■ **ACTION ITEM**:
Restate the listing below word for word, and leave its pictures behind.

■ **RAW DATA**:
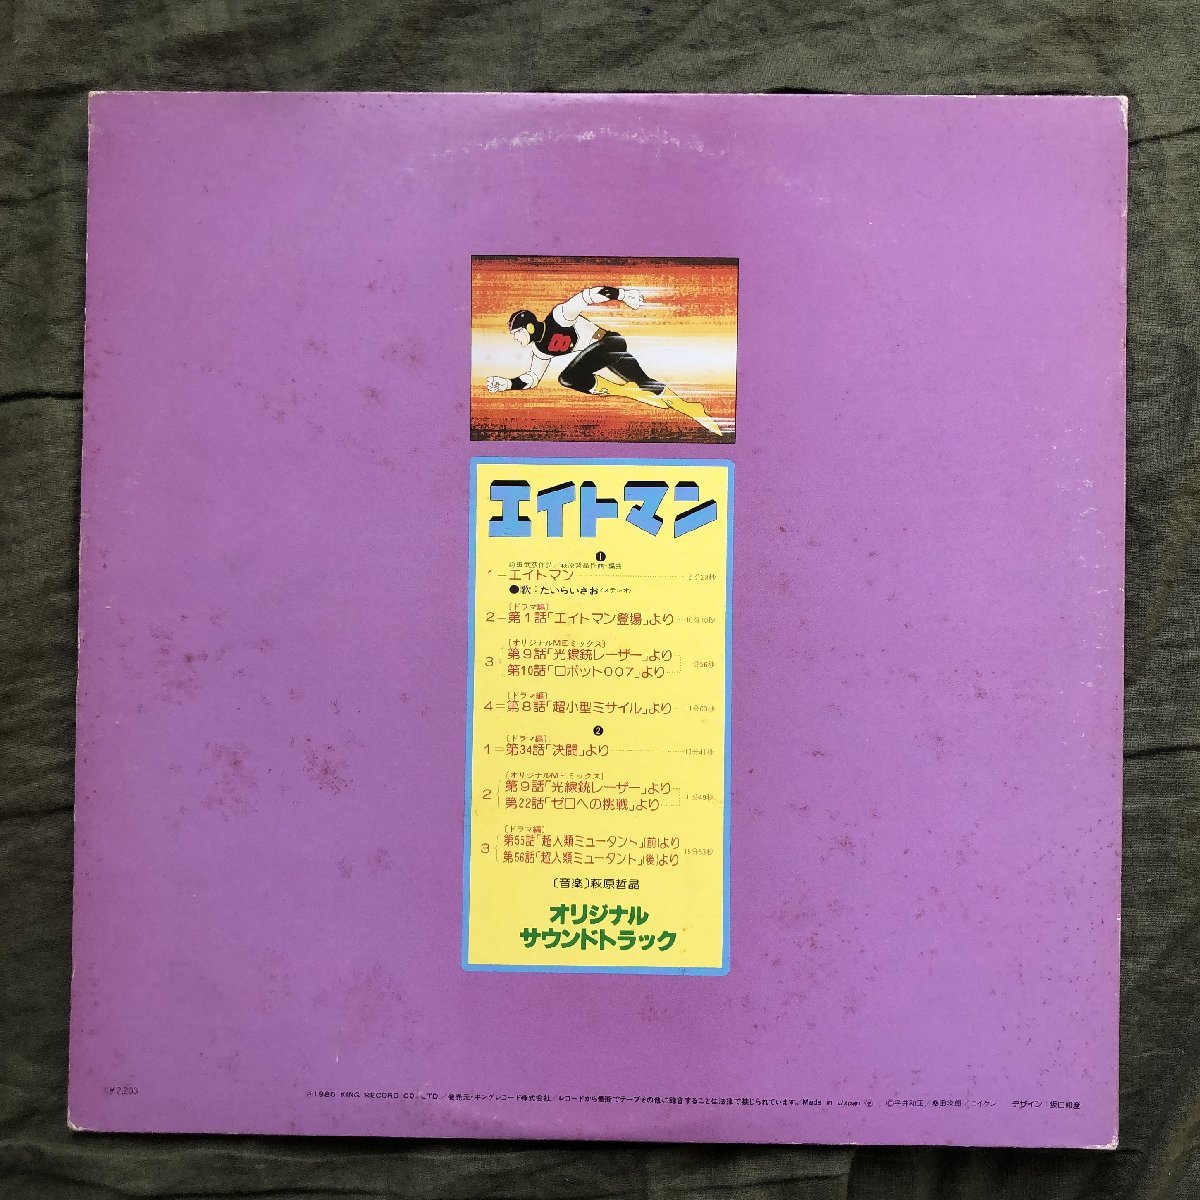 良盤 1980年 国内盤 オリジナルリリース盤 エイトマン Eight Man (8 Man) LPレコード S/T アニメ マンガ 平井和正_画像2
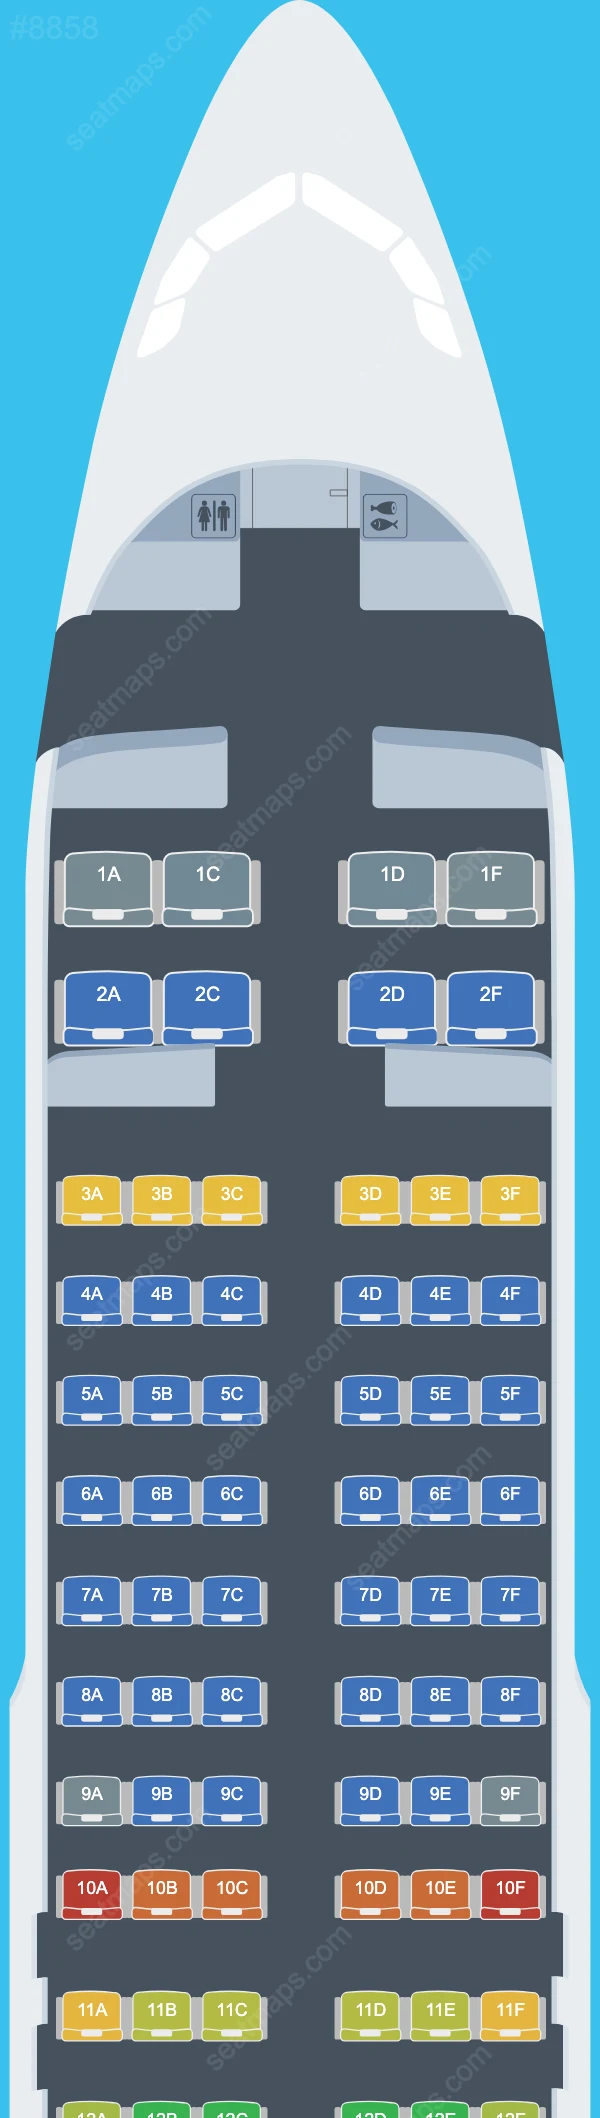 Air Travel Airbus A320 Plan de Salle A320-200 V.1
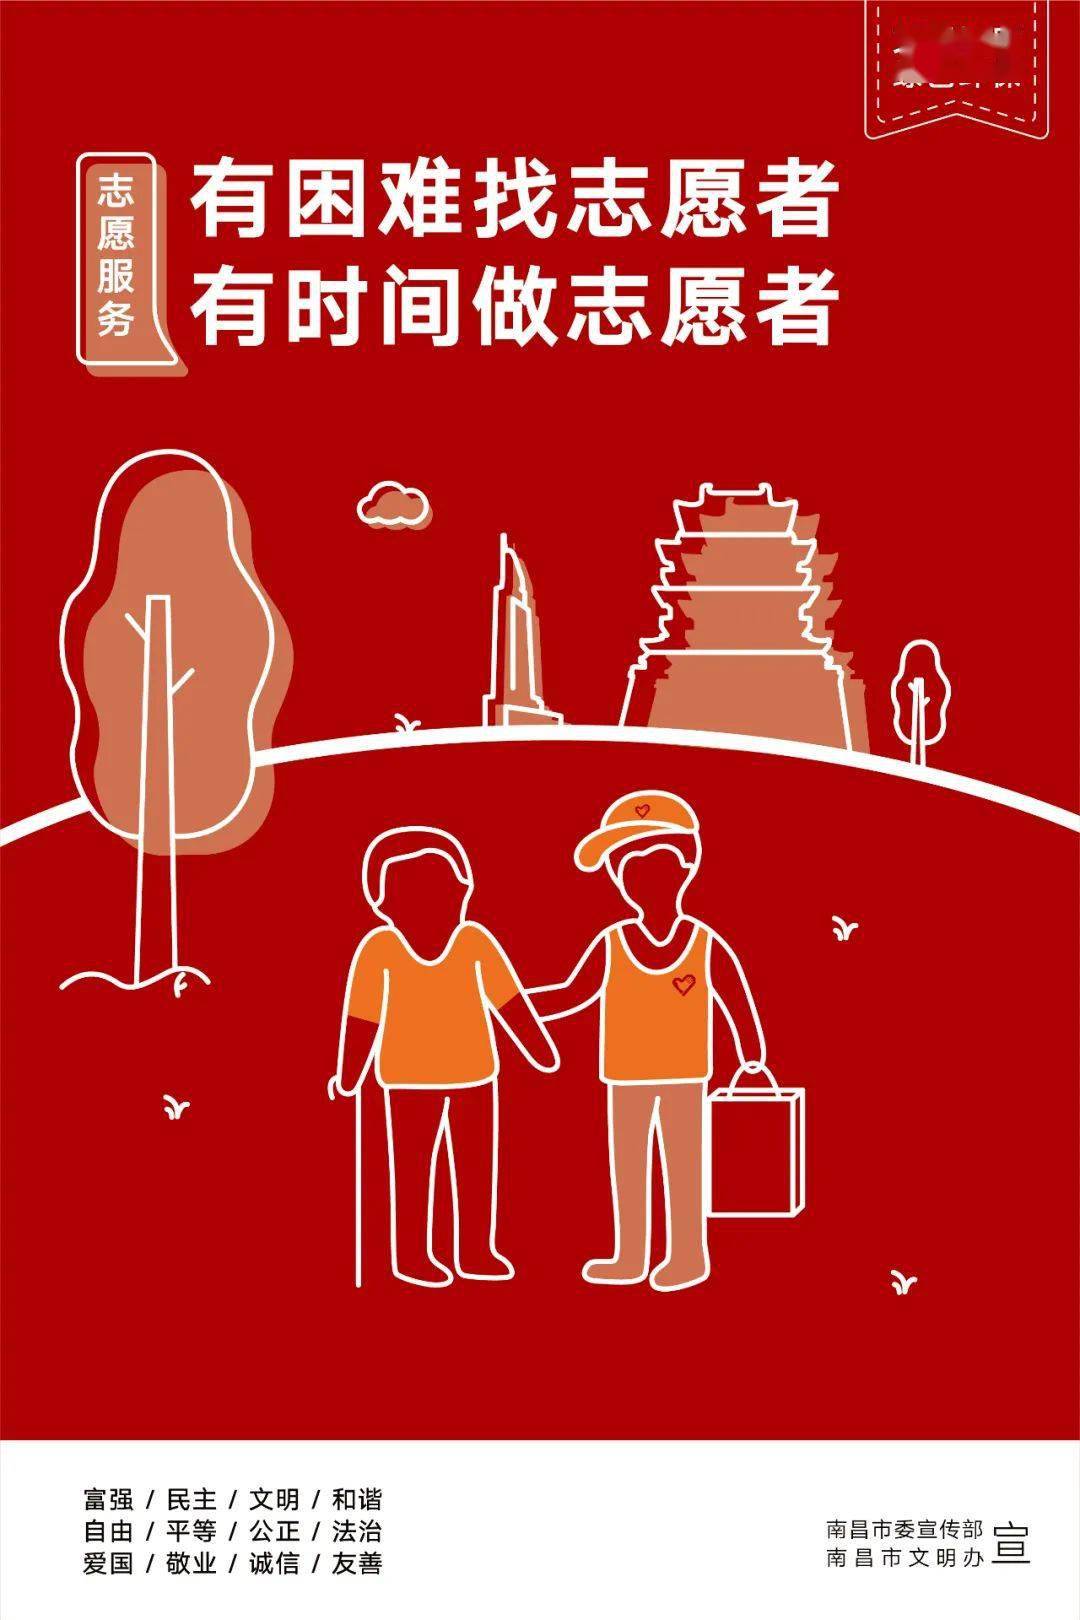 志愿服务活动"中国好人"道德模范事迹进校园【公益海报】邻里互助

■ **REPLY**:
 良盤 1980年 国内盤 オリジナルリリース盤 エイトマン Eight Man (8 Man) LPレコード S/T アニメ マンガ 平井和正_画像2
 Air Travel Airbus A320 Plan de Salle A320-200 V.1
 志愿服务活动"中国好人"道德模范事迹进校园【公益海报】邻里互助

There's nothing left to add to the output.